Now fix $\varepsilon > 0$ . Since $f$ is continuous on the compact set $[0,1]$ , it is uniformly continuous: choose $\delta > 0$ such that $|f(s) - f(t)| < \varepsilon$ whenever $|s - t| < \delta$ .

For any $x \in [0,1]$ , using Identity 1:

$|B_n(f;x) - f(x)| = \left|\sum_{k=0}^n \bigl[f(k/n) - f(x)\bigr]\, b_{k,n}(x)\right| \leq \sum_{k=0}^n |f(k/n) - f(x)|\, b_{k,n}(x).$

Split the sum into two parts. Let $M = \|f\|_\infty$ .

Near terms ( $|k/n - x| < \delta$ ): Here $|f(k/n) - f(x)| < \varepsilon$ , so these terms contribute at most $\varepsilon \cdot \sum b_{k,n}(x) \leq \varepsilon$ .

Far terms ( $|k/n - x| \geq \delta$ ): Here $|f(k/n) - f(x)| \leq 2M$ , and by Identity 3:

$\sum_{|k/n - x| \geq \delta} b_{k,n}(x) \leq \frac{1}{\delta^2}\sum_{k=0}^n \left(\frac{k}{n} - x\right)^2 b_{k,n}(x) \leq \frac{1}{4n\delta^2}.$

These terms contribute at most $2M \cdot \frac{1}{4n\delta^2} = \frac{M}{2n\delta^2}$ .

Combining: $|B_n(f;x) - f(x)| \leq \varepsilon + \frac{M}{2n\delta^2}$ .

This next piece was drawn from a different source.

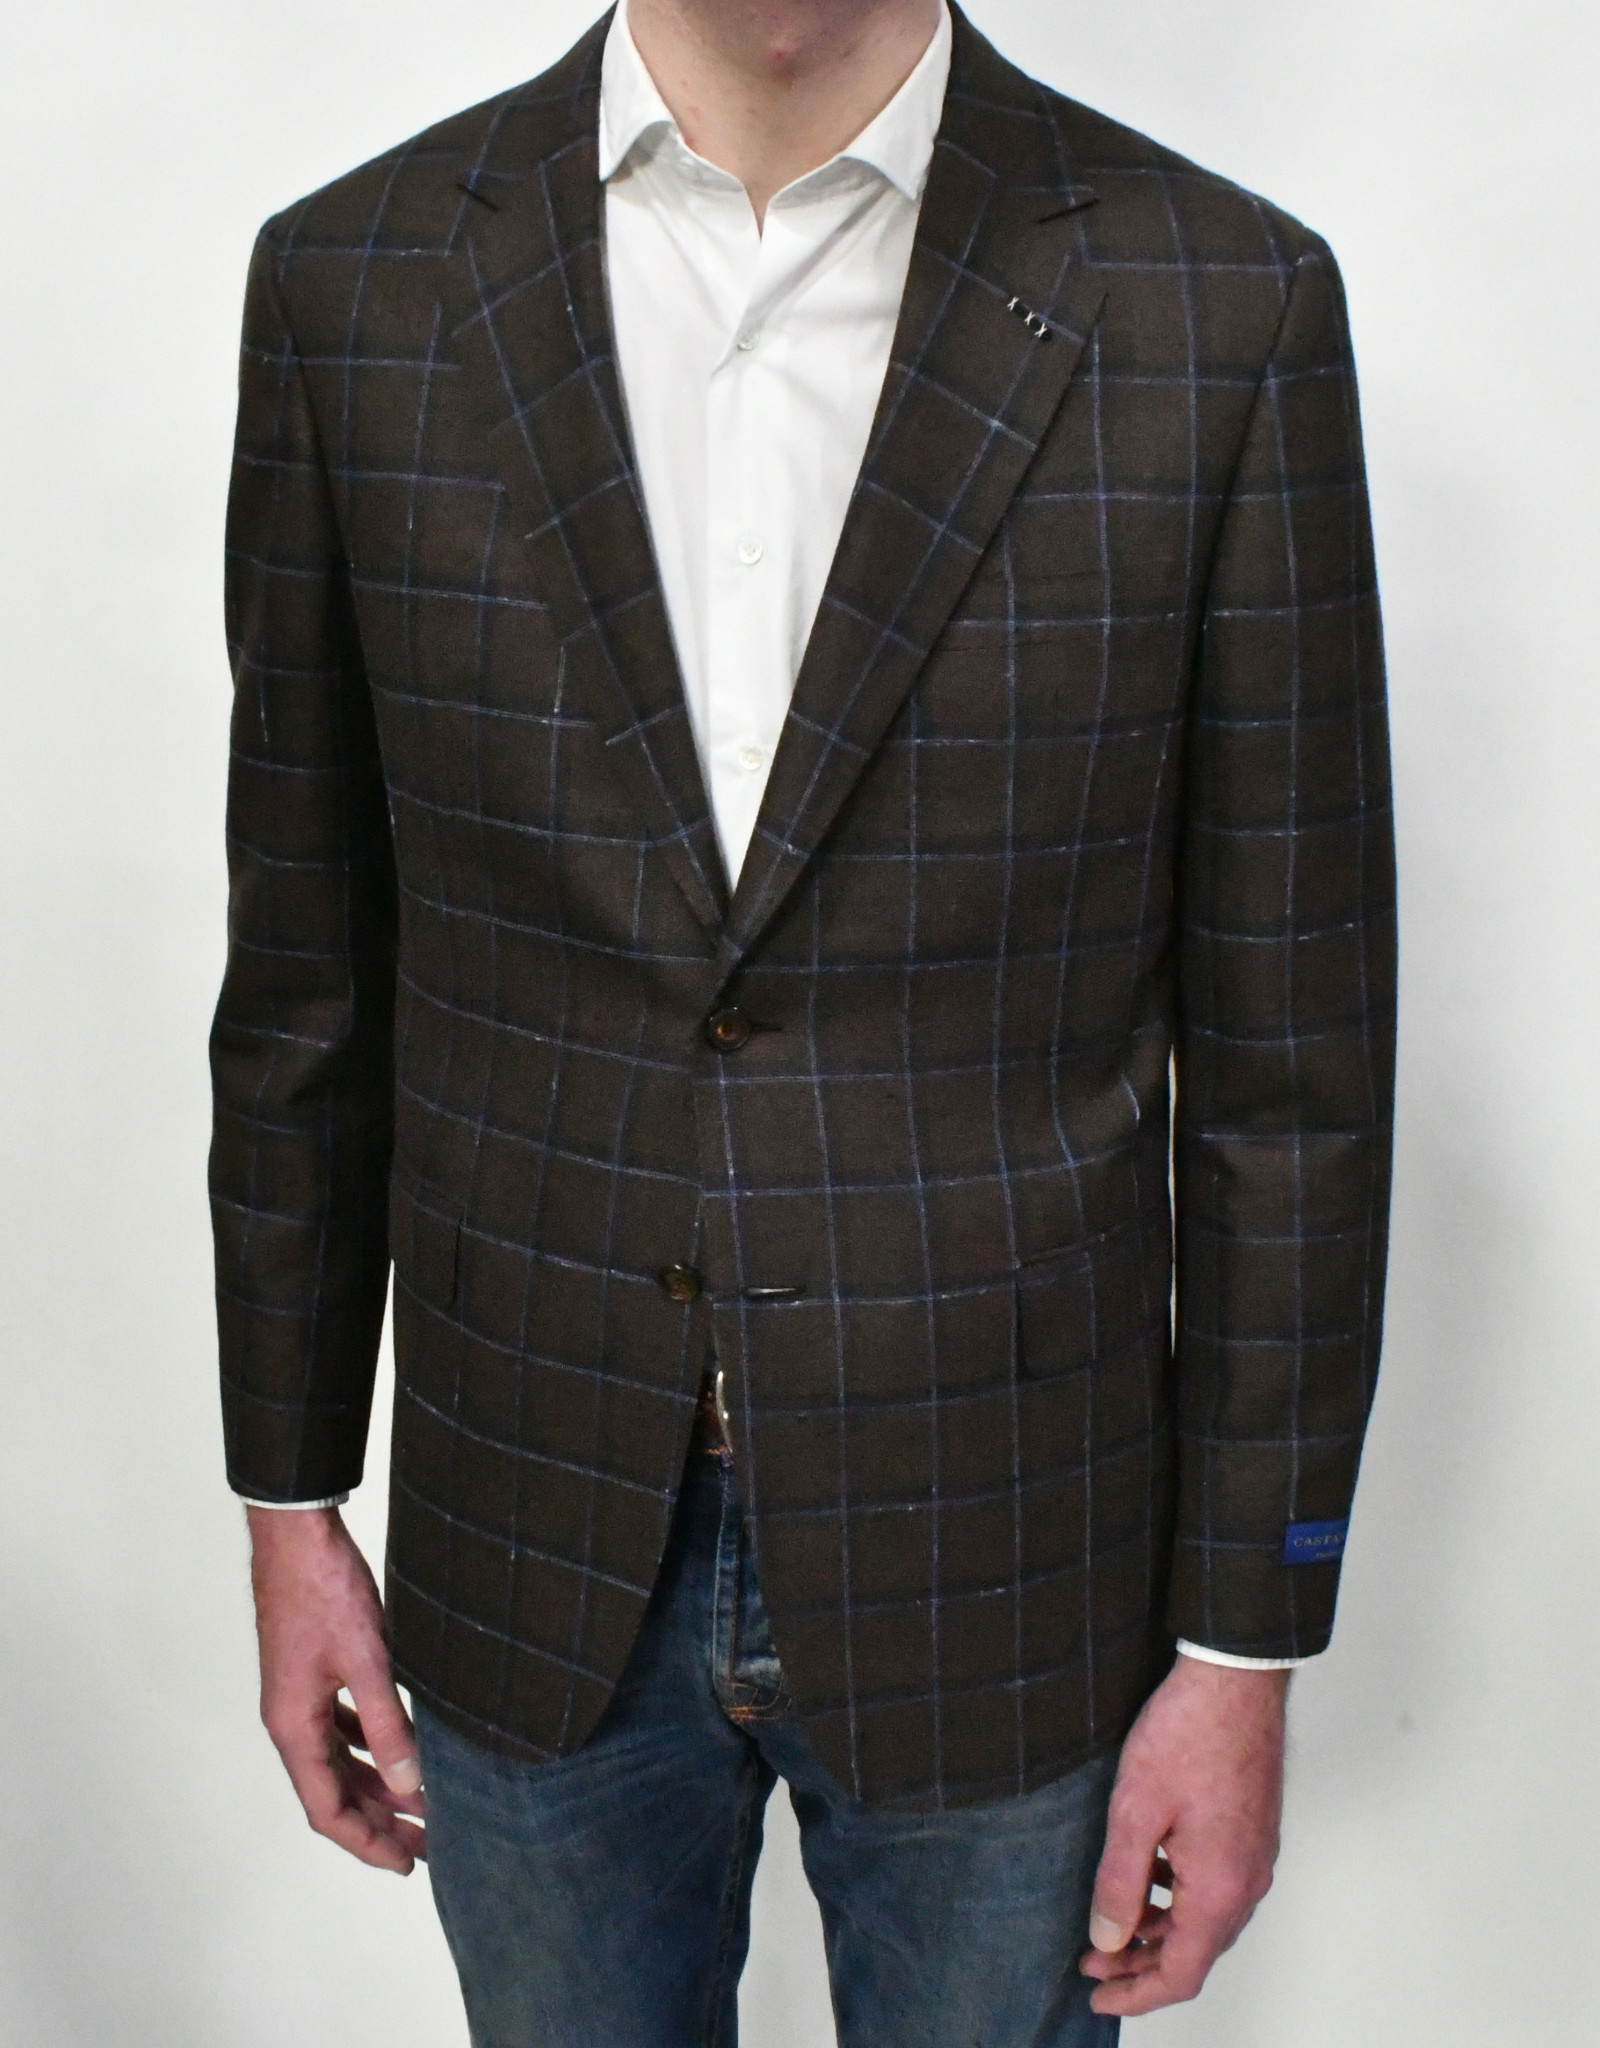 Castangia Brown With Blue Windowpane Sport Coat - Liles Clothing Studio

Choose $n > \frac{M}{2\varepsilon\delta^2}$ . Then $|B_n(f;x) - f(x)| < 2\varepsilon$ for all $x \in [0,1]$ , so $\|B_n(f) - f\|_\infty < 2\varepsilon$ .

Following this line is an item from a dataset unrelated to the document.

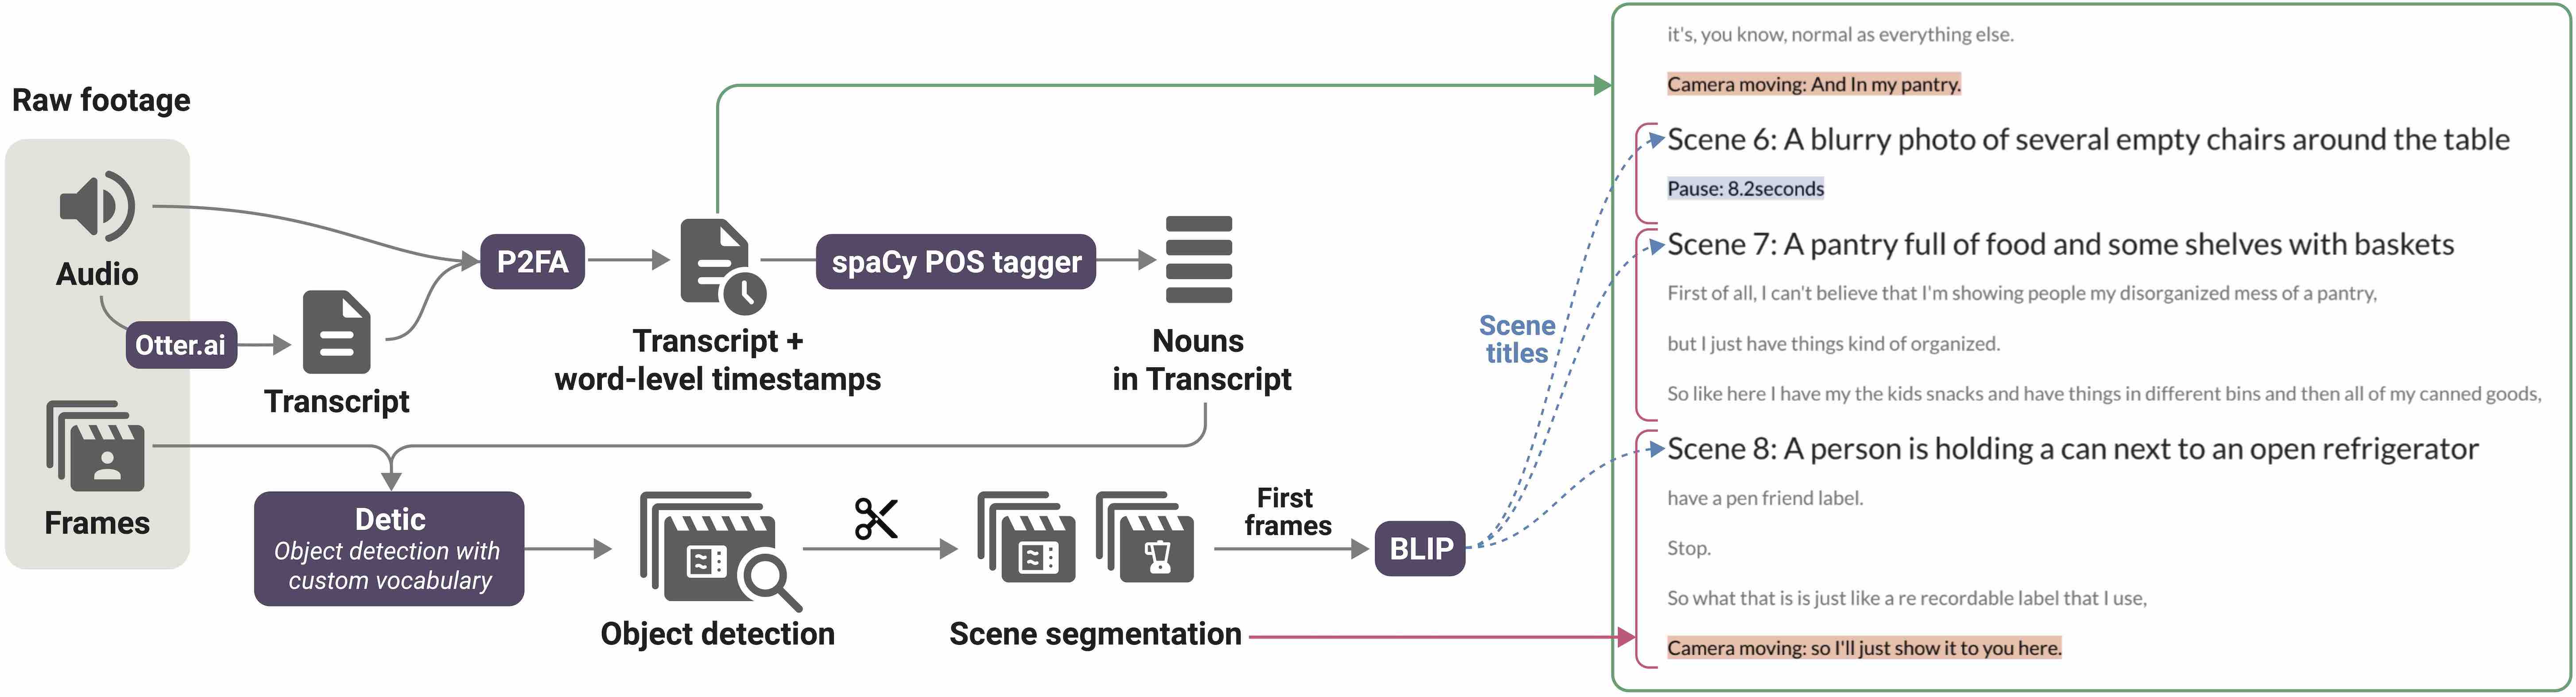 The figure shows how audio and visual frames of the video are processed to segment scenes, generate scene descriptions, and detect pauses and visual errors. On the right, the resulting audio-visual script is shown.

Since $\varepsilon > 0$ was arbitrary, $B_n(f) \to f$ uniformly. $\square$

∎

📝 Example 1 (Bernstein polynomials for f(x) = |2x − 1|)

The function $f(x) = |2x - 1|$ is continuous but not differentiable at $x = 1/2$ . Its Bernstein polynomials $B_n(f; x) = \sum_k |2k/n - 1|\, b_{k,n}(x)$ are smooth polynomials that converge uniformly to $f$ , rounding the corner at $x = 1/2$ . At $n = 5$ , the approximation is visibly smooth; at $n = 50$ , it is nearly indistinguishable from $f$ except in a narrow region around $x = 1/2$ .

📝 Example 2 (Convergence rate comparison)

For the smooth function $f(x) = x(1-x)$ , the Bernstein polynomial satisfies $B_n(f; x) = x(1-x)(n-1)/n$ , giving $\|B_n(f) - f\|_\infty = 1/(4n) = O(1/n)$ — faster than the general $O(1/\sqrt{n})$ because $f$ is smooth.

For $f(x) = |2x - 1|$ (Lipschitz but not $C^1$ ), $\|B_n(f) - f\|_\infty = O(1/\sqrt{n})$ — the worst-case rate for Lipschitz functions.

This illustrates that Bernstein convergence is slow — adequate for proving the Weierstrass theorem, but not optimal for computation.

Function: n = 5 Show basis

f B₅(f)Max error: 0.375000Rate: O(1/√n)

Bernstein polynomials B_n(f; x) for f(x) = |2x − 1| at n = 5, 20, 100

4. Stone-Weierstrass — The Grand Generalization

Stone’s generalization (1937, 1948) replaces the specific polynomial algebra on $[a,b]$ with an abstract algebra on a compact space, identifying exactly what properties an algebra needs to be dense in $C(K)$ .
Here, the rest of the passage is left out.